Research Associate St. Boniface Hospital Albrechtsen Research Centre Winnipeg, Manitoba, Canada
Mohammad Sabbir (St. Boniface Hospital Albrechtsen Research Centre)| Carla Taylor (St. Boniface Hospital Albrechtsen Research Centre, St. Boniface Hospital Albrechtsen Research Centre)| Peter Zahradka (University of Manitoba, University of Manitoba)

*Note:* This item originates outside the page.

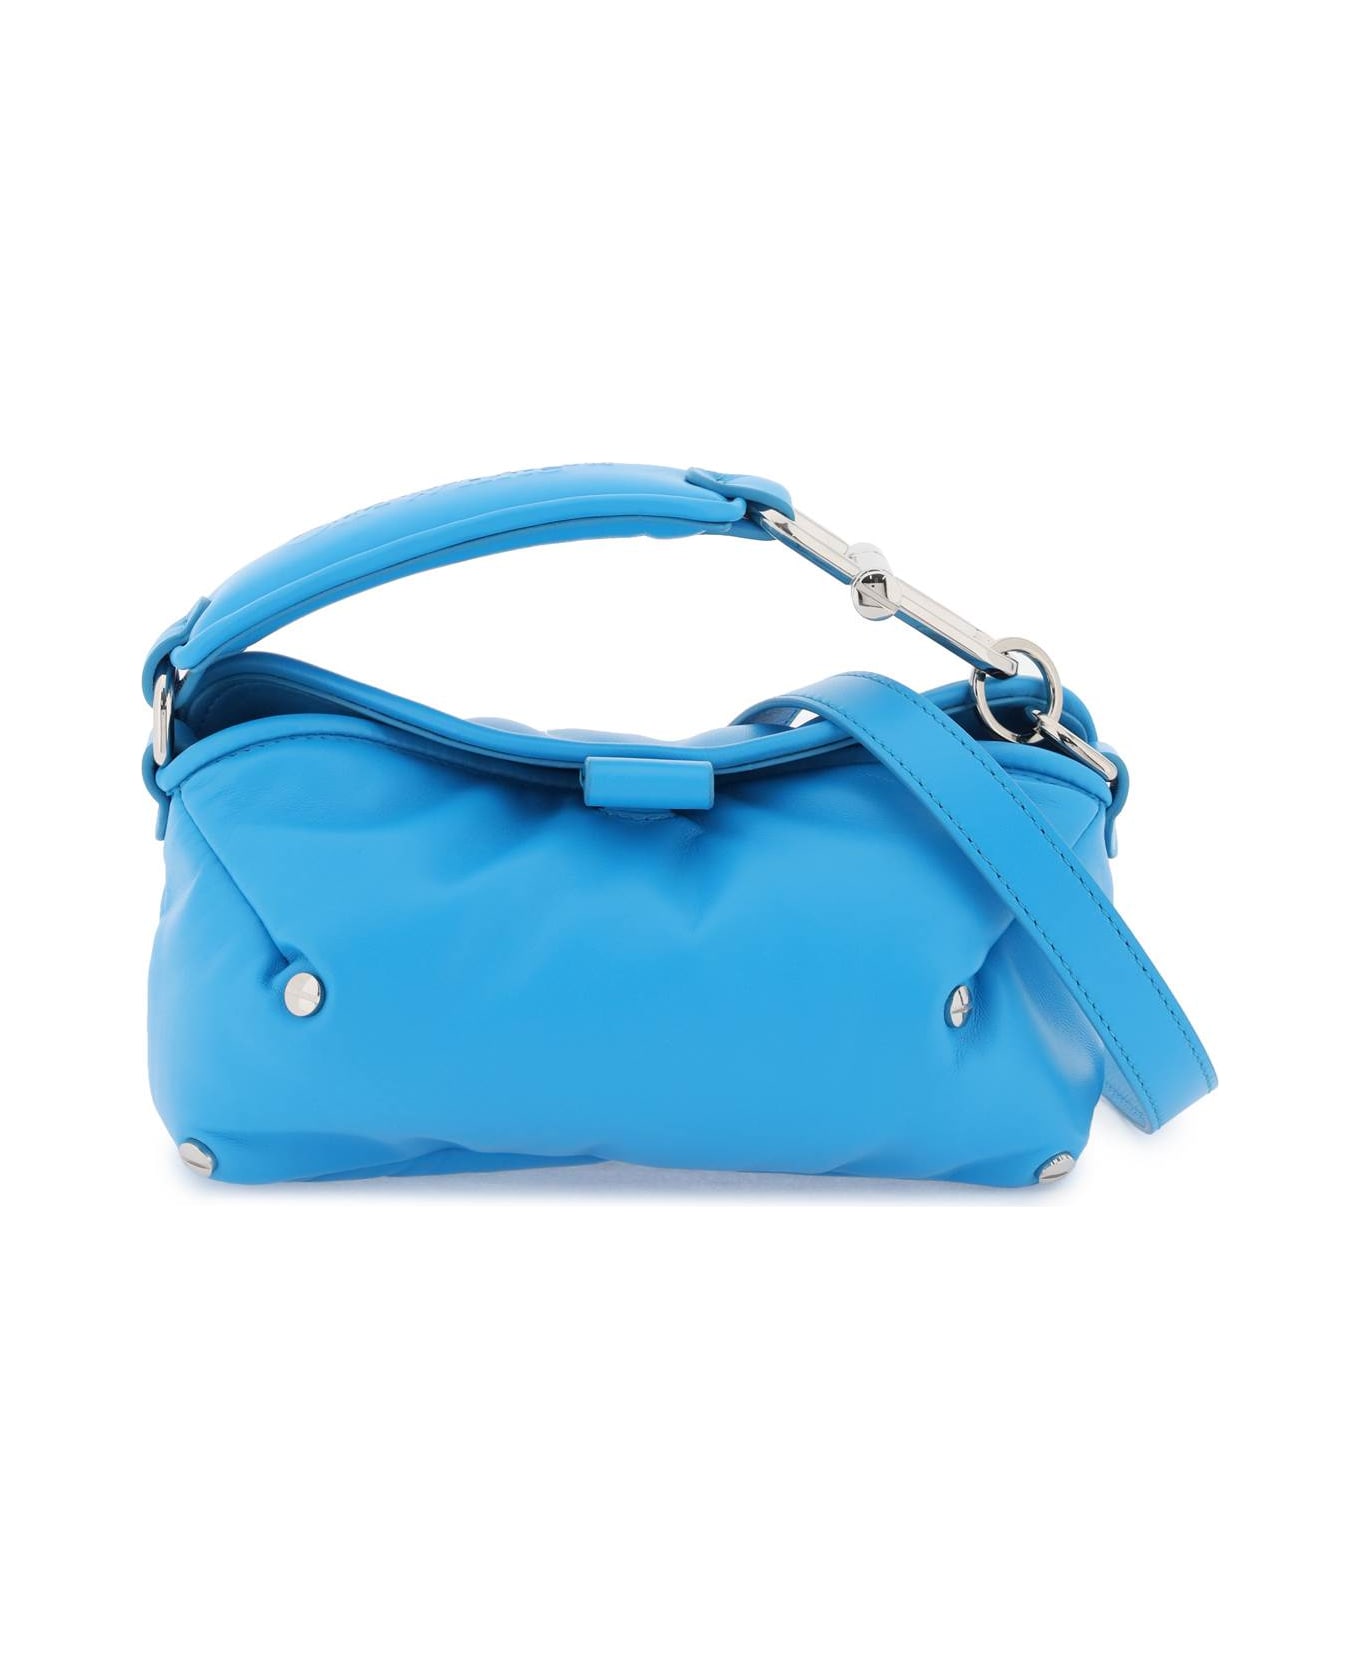 Off-White San Diego Handbag - LIGHT BLUE (Light blue)

The arachidonate 12-lipoxygenase (ALOX12) gene encodes an enzyme that acts on polyunsaturated fatty acid substrates and generates bioactive lipid mediators regulating a variety of biological processes associated with various disease pathologies. The human genome assembly (version GRCh38/hg38) revealed that the ALOX12 gene is overlapped by a previously uncharacterized antisense long non-coding RNA (lncRNA) designated as ALOX12-antisense 1 (ALOX12-AS1) indicating a possibility of antisense-sense regulation of the coding ALOX12. Furthermore, based on expressed sequence tag (EST) mapping, the Ensemble database revealed the existence of multiple transcriptional isoforms of ALOX12-AS1. Nine transcripts successively numbered as 201-209 are supported by at least one EST. Therefore, the objective of this study was to characterize human tissue and cell-type-specific expression as well as intracellular localization of ALOX12-AS1 lncRNA isoforms. Reverse transcription polymerase chain reaction and northern blotting-based studies revealed that ALOX12-AS1-201 and -202 are the dominant transcripts expressed in a variety of adult primary human tissues including adipose, artery, bone marrow, cerebellum, cortex, intestine, liver, smooth muscle, and skin tissues. Furthermore, RNA fluorescence in situ hybridization using primary adult human tissues as well as five transformed human cell lines (A431: skin epithelial, EA.hy926: endothelial, THP-1: monocytic, HEK293: embryonic kidney-derived, and HepG2: hepatoma-derived) revealed cell-type-specific expression and intracellular localization of the lncRNA. ALOX12-AS1-201 and -202 isoforms were differentially localized in the cytosol, nucleoplasm, as well as nucleoli, and the subcellular distribution exhibited variation depending on the cell-type and cell division state. The tissue and cell-type-specificity of ALOX12-AS1 lncRNA isoforms indicate that the isoforms might be involved in cell-type-specific regulation of ALOX12. This has been further reinforced by the overlapping nature of specific antisense-sense sequence elements involving both genes. Future studies are warranted to unravel the details of potential antisense-sense regulatory mechanism which is beyond the scope of the present study. Overall, this study provided a starting point to unravel a lncRNA-mediated regulation of ALOX12 that may underlie the generation of potent bioactive lipid mediators associated with disease pathogenesis.